Coach Petty wouldn’t be around to see his prediction come true. He left after my sophomore track season. I ran that spring with a broken arm. For six weeks, I had a full-arm cast, then a half-cast for three weeks. I didn’t miss a race, and I usually won. Coach Petty would laugh and say other runners were afraid to pass me because of the cast, which swung wildly at my side, catching more than a few other runners in the chest.
Coach Petty was the first coach since Moon Bailly, my Little League baseball coach, to see something in me that not even I could see. His smile, assuredness, and genuine enthusiasm for what I was doing defined for me what it meant to be a distance runner. It was supposed to be fun but done with commitment and purpose. Success was to be celebrated; failure shaken off.
The coaches that followed—Coach McKinney, Coach Griffey, and Coach Maddox—reinforced and built on what Coach Petty instilled in me. I owe a greater debt to them, but without Coach Petty, there would not have been a them.

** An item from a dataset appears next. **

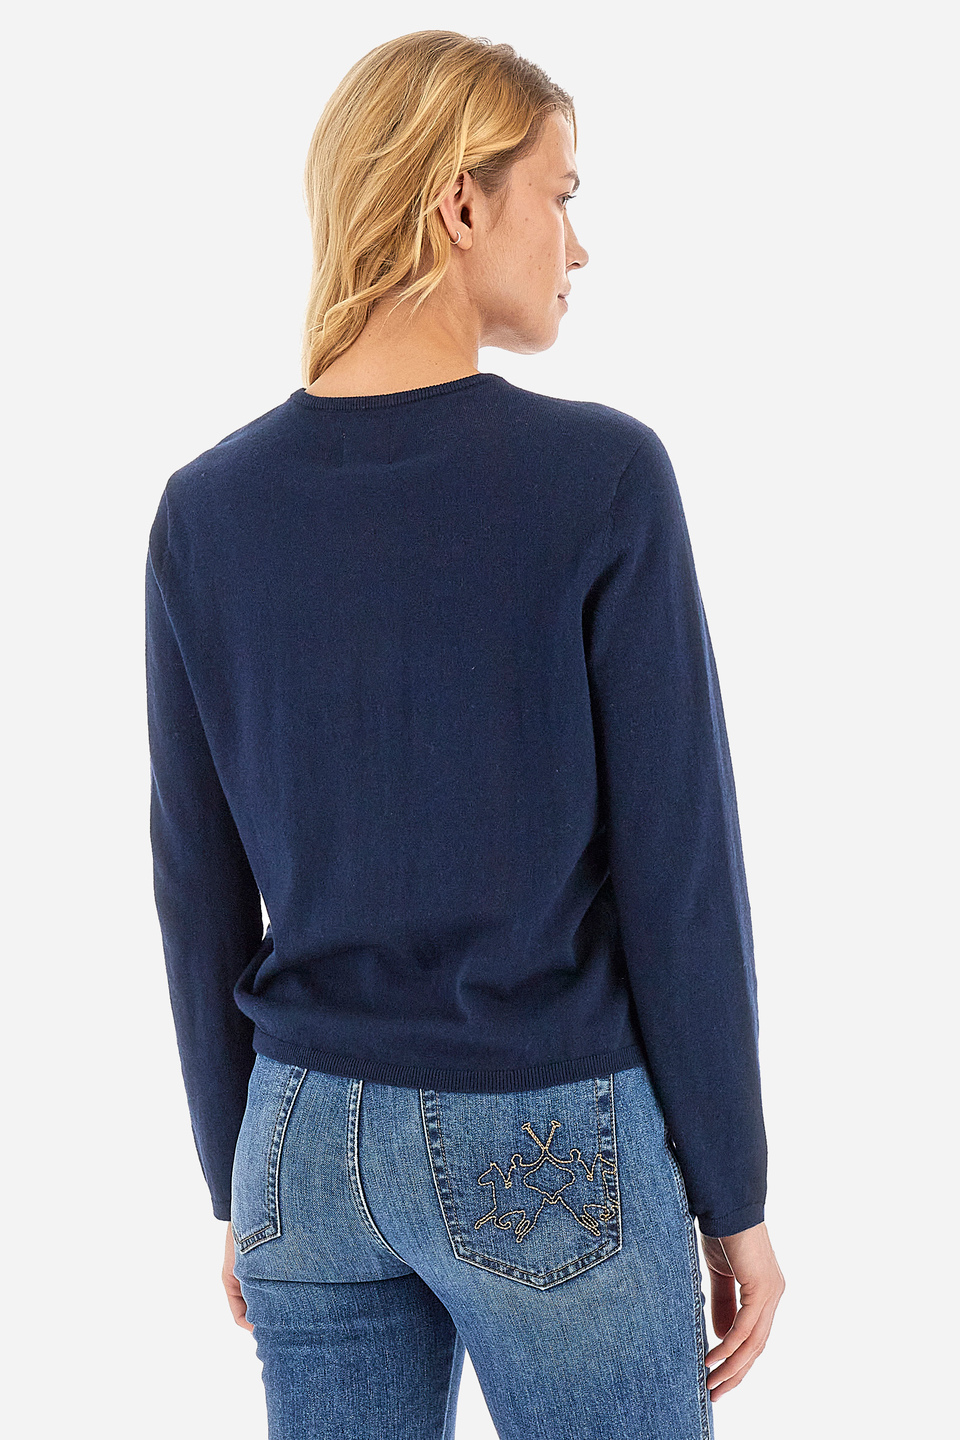 Women’s crew neck sweater - Wileen | La Martina - Official Online Shop

A week after I saw the Facebook post announcing Coach Petty’s disappearance, I Googled “James Petty.” By then, his body had been found.

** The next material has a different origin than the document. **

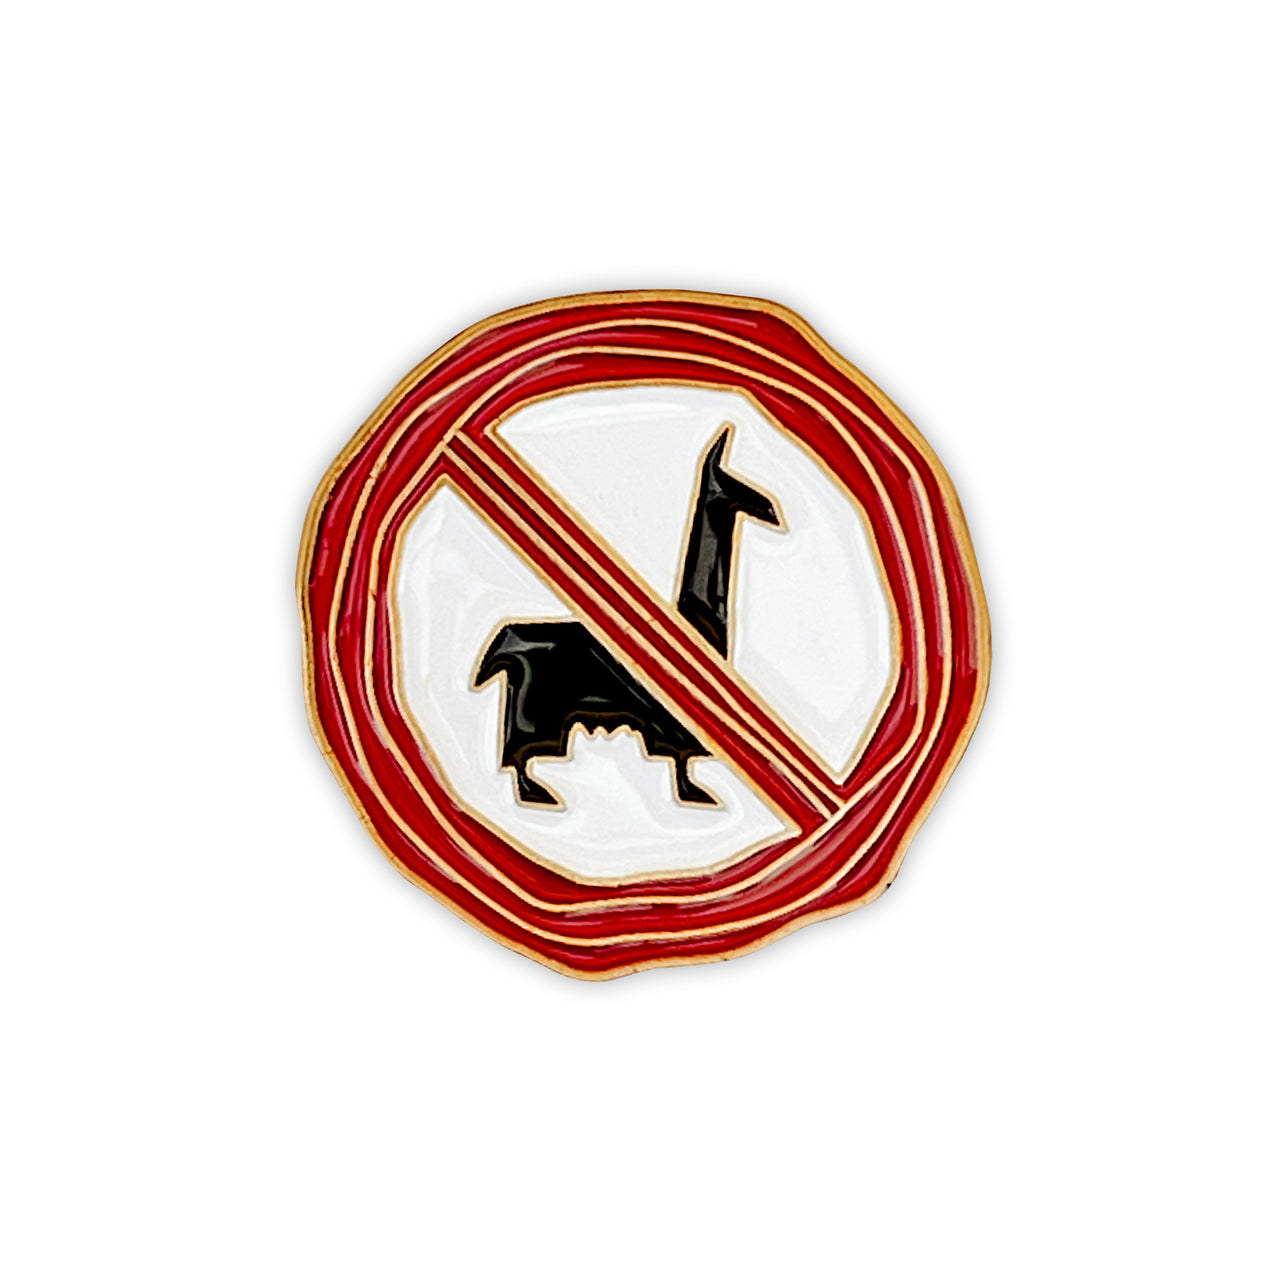 No Llamas Allowed Pin

I scrolled down. After three pages of nothing but news reports of his disappearance and death, I found a few other mentions. Some were other, “James Petty’s.” The ones I knew were about him included a mention on the Butler University website about his athlete days in the mid 1960s. He was selected for the Butler University Athletic Hall of Fame in 2003. The announcement read, “James Petty was a varsity letterwinner in both track and basketball at Butler. He was a Big State, Little State and ICC conference champion in the long jump and triple jump in 1966, and he placed fourth in the NAIA National Track Meet that same year. He was a two-time track M.V.P. and played guard on Butler's basketball teams, 1962-66.”
The other mention was of an arrest notice from 2012. He would have been 68 then. What he was arrested for and what subsequently happened were not given. To find out more would have required paying for the information. I didn’t need to know.
The perp photo was of a beaten, weathered, maybe drunk, man. All perps look drunk in their mug shots though. And not all perps are guilty. And whether a person is or not, one arrest or conviction does not a life make. These are not excuses. They are facts. But there it was, on the Internet. If that was all someone knew about Coach Petty, well then…
I share these two mentions not to sway my or anyone else’s memories of James Alvin Petty, the teacher, coach, role model, or whatever we choose to remember him as. Google searches, Facebook posts, and AI are poor determiners of a life lived. Left to Google, the major event in Coach Petty’s life was the week he went missing in his truck and was found dead at the bottom of a river.
I barely knew Jim Petty, and he barely knew me, but what I do know, and what I feel about him, is so much more than what Google knows. Yet, my knowledge of him hardly defines the life he lived or captures who he was in his totality. But isn’t that the case for all us? What I do know about him mattered to a fourteen-year-old kid and matters now and for that, in memoriam, thank you, Coach Petty.